FILIPPO MANZONI (1826-1868)
Di tutti i suoi figli Enrico e Filippo furono i due che più causarono angosce e preoccupazioni a Manzoni. Allo scoppiare dei tumulti milanesi il 18 marzo 1848, Filippo, nel giorno del suo ventiduesimo compleanno, si arruolò, incoraggiato proprio dal padre, nella Guardia Civica. Gli Austriaci lo arrestarono al palazzo del Broletto, per poi deportarlo a Kufstein, in Tirolo, dove rimase fino alla metà di giugno. Una volta scarcerato, venne trasferito a Vienna in libertà vigilata. Qui il giovane si indebitò per L. 3.600, ma gli venne in aiuto il padre, ben conscio della «fatale disposizione» del figlio a spendere.
Dopo aver saputo che voleva ipotecare il reddito ricavato dalle quote ereditate dalla nonna e dalla madre, i rapporti tra Manzoni e il figlio si deteriorarono ulteriormente, al punto che fu ventilata l’ipotesi dell’interdizione. Quando Enrico si sposò, il 10 giugno 1850, il padre non volle nemmeno conoscere la nuora, Emilia Catena. La donna lo rese padre di quattro figli: Giulio, Massimiliano, Cristina e Paola. Oppresso dai debiti, Filippo chiese aiuto e ospitalità al fratello Enrico, ma dopo un’aspra lite si allontanò da Renate. Implorò allora l’aiuto della matrigna Teresa, che non poté fare altro che mostrare le sue lettere al marito. Trascorse il resto della sua vita a Milano, vivendo di espedienti e del denaro che Manzoni gli mandava ogni mese. Non ebbe mai la gioia di presentare al padre la moglie e i figli.

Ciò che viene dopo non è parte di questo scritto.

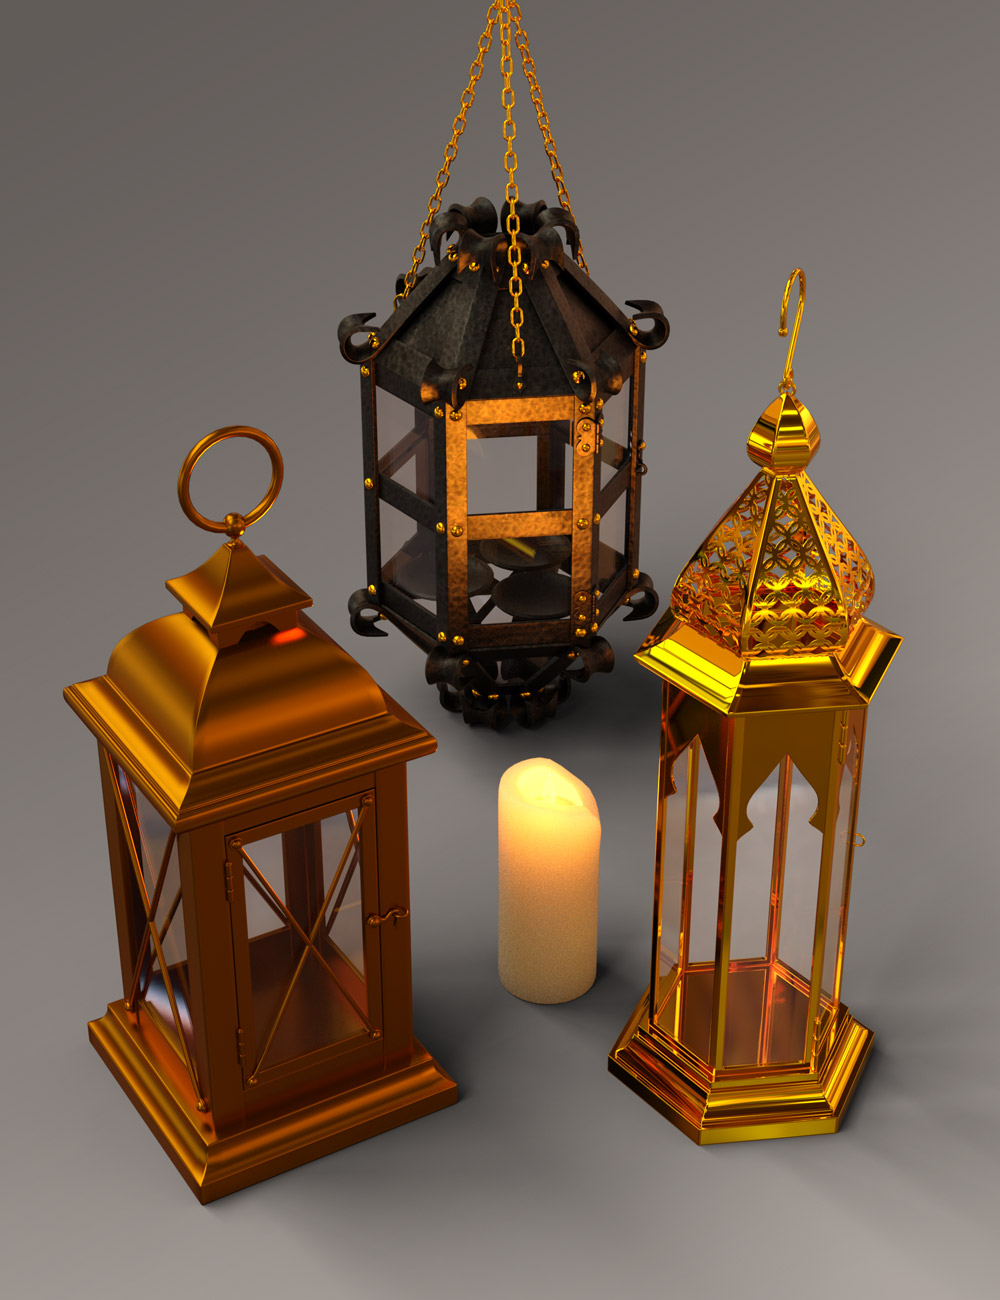 Antique Lanterns by: Age of Armour, 3D Models by Daz 3D

MATILDE MANZONI (1830-1856)
L’ultimogenita di Alessandro ed Enrichetta nacque il 13 luglio 1830 a Brusuglio. A cinque anni venne mandata nel Monastero della Visitazione di Milano, dove l’accolse, con tenerezza materna, la sorella Vittoria, che aveva lasciato il Collegio di Lodi dopo la morte della madre. E di Vittoria, sposata a Giovan Battista Giorgini, fu spesso gradita ospite in Toscana.
Di animo malinconico, Matilde amava confidare alle pagine del suo diario i propri turbamenti e l’immensa tristezza di non aver potuto godere dell’affetto materno: «Ma jeunesse s’écoule sans les regards et sans la tendresse d’une Mère», scrisse il 24 marzo 1851.
Morì nubile a Siena, il 30 agosto 1856, a soli ventisei anni. Manzoni, che non aveva trovato il coraggio di visitare la figlia che nell’aggravarsi della malattia lo invocava, disse di lei, in una commossa epigrafe: «Lasciava desiderio di sé per una vita bella di tutte virtù che sublimano il sesso».